More Studies – and More Money?
According to Hiatt, NRC plans to send the National Needs
report to the NIH director, who will forward it to the Secretary
of Health and Human Services. Hiatt is set to discuss the
report with the director of the National Institute of General
Medical Sciences. An NIH spokesman says the report will be
sent to congressmen who request it.
NRC issued the report six years after the last National Needs
report and almost two years late. More frequent publication,
however, may be in the offing. NIH research training officer
Walter T. Schaffer says that the National Academy of Sciences
(of which NRC is an operating agency) has proposed providing
interim reports to NIH. These would appear every two years
following release of the demographic data on which the National
Needs reports are based.
Marincola and Solomon, meanwhile, are wrapping up a second
phase of their work, in which they’re collaborating with Richard
B. Freeman and Eric R. Weinstein of Harvard and the National
Bureau of Economic Research, a think tank in Cambridge, Mass.
(Freeman was also on the committee that drafted the new National
Needs report.) Focusing on 25 prominent cell and molecular
biology labs in the United States, the group is asking all
the principal investigators and many of the postdocs and graduate
students detailed questions about their productivity and career
choices. The study, which the group hopes to publish by year’s
end, examines subjective judgments of productivity rather
than objective measures such as numbers of papers published.
Goldman says he and RAND colleague Valerie Williams may do
a study pursuing topics in the National Needs report in greater
depth. One idea meriting further analysis, he adds, is “increasing
the [NIH] stipend in good times so that when funding is increasing,
the number of positions that are created does not expand as
fast as the funding. Then when funding is leaner, keeping
the rate of stipend growth low so that the number of positions
can be preserved until the next funding increase.”

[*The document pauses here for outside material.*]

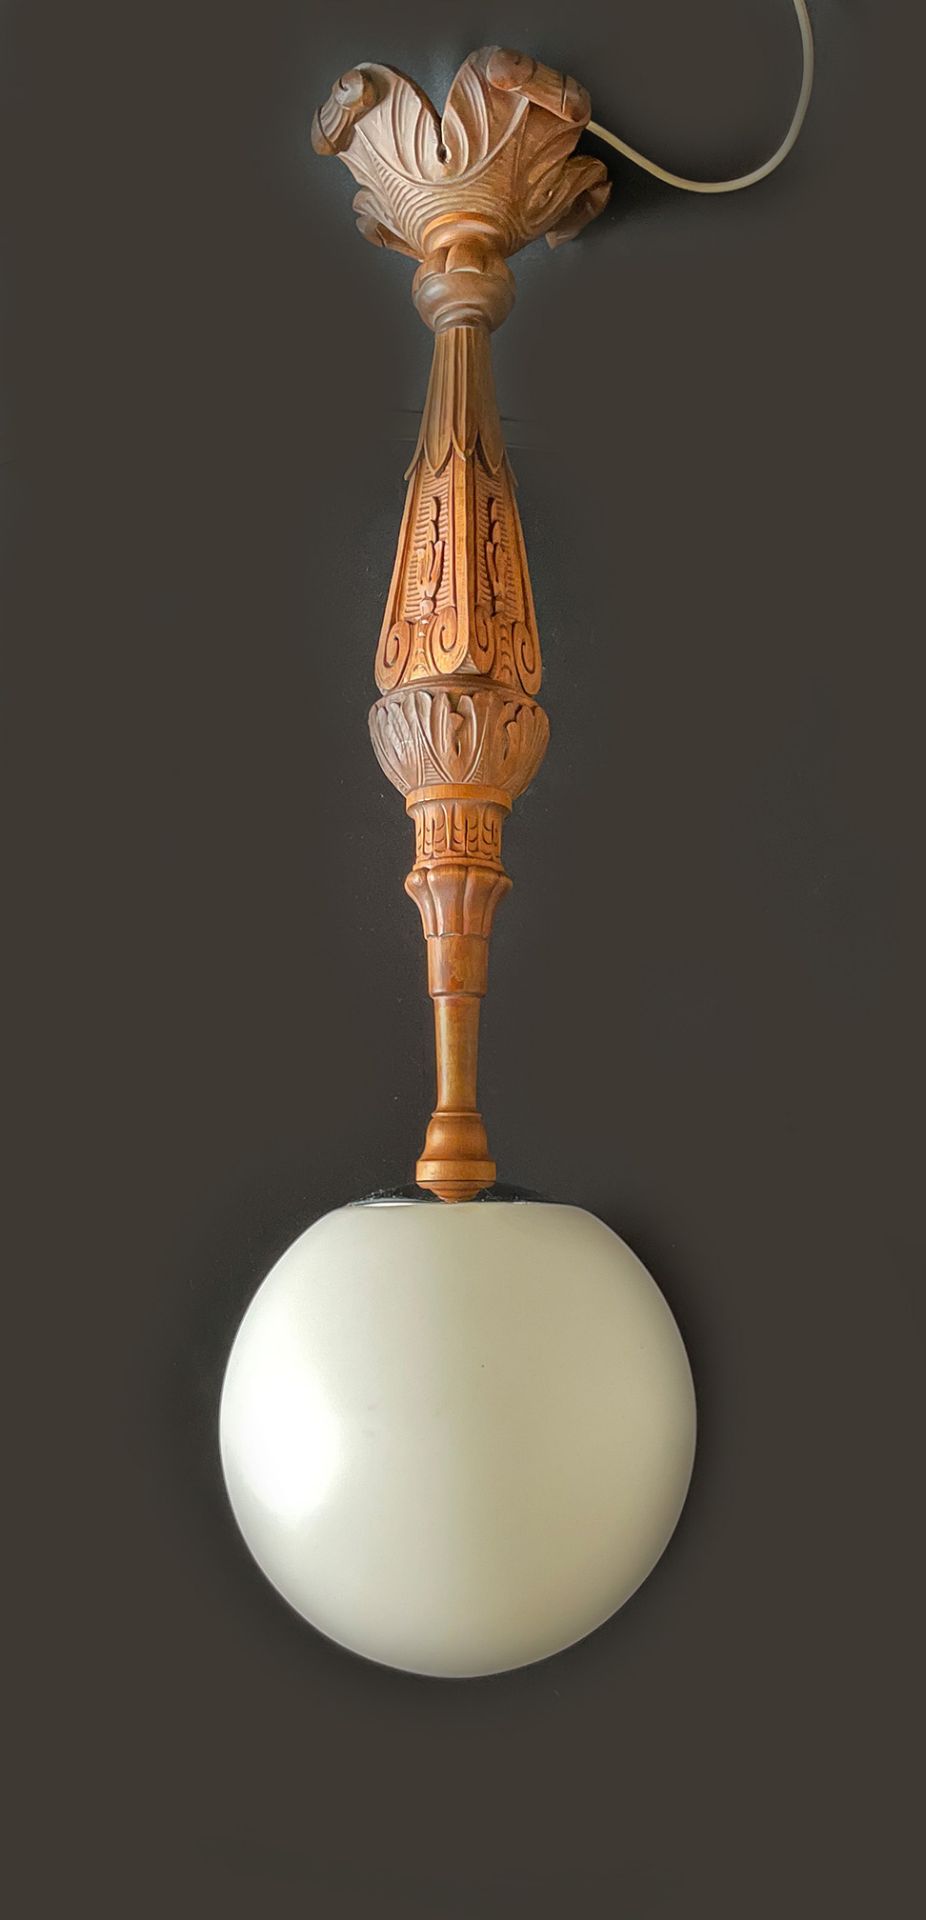 Hängelampe Gründerzeit, Holz, mit Glaskugel, elektrifiziert, Altersspuren, H. 110 cm, D. der Kugel

In a similar vein, the National Needs report recommends regular
cost-of-living increases in stipends and other forms of trainee
compensation. It advocates that such increases “be incorporated
into budget planning, so that stipends are not again allowed
to decline in real value.” Recalls committee chairman Hiatt:
“We urged these changes because they seemed so obvious.”
References
1. P. Smaglik, E. Russo, “NRC report: cap life sciences graduate
school enrollment,” The Scientist, 12[19]:6, Sept. 28, 1998.
2. W.F. Massy, C.A. Goldman, “The production and utilization
of science and engineering doctorates in the United States,”
Stanford Institute for Higher Education Research Discussion
Paper, 1995. This paper is soon due to come out as a book,
The Ph.D. Factory (Bolton, Mass., Anker Publishing Co., 2000).
3. E. Marincola, F. Solomon, “The career structure in biomedical
research: implications for training and trainees,” Molecular
Biology of the Cell, 9:3003-6, 1998.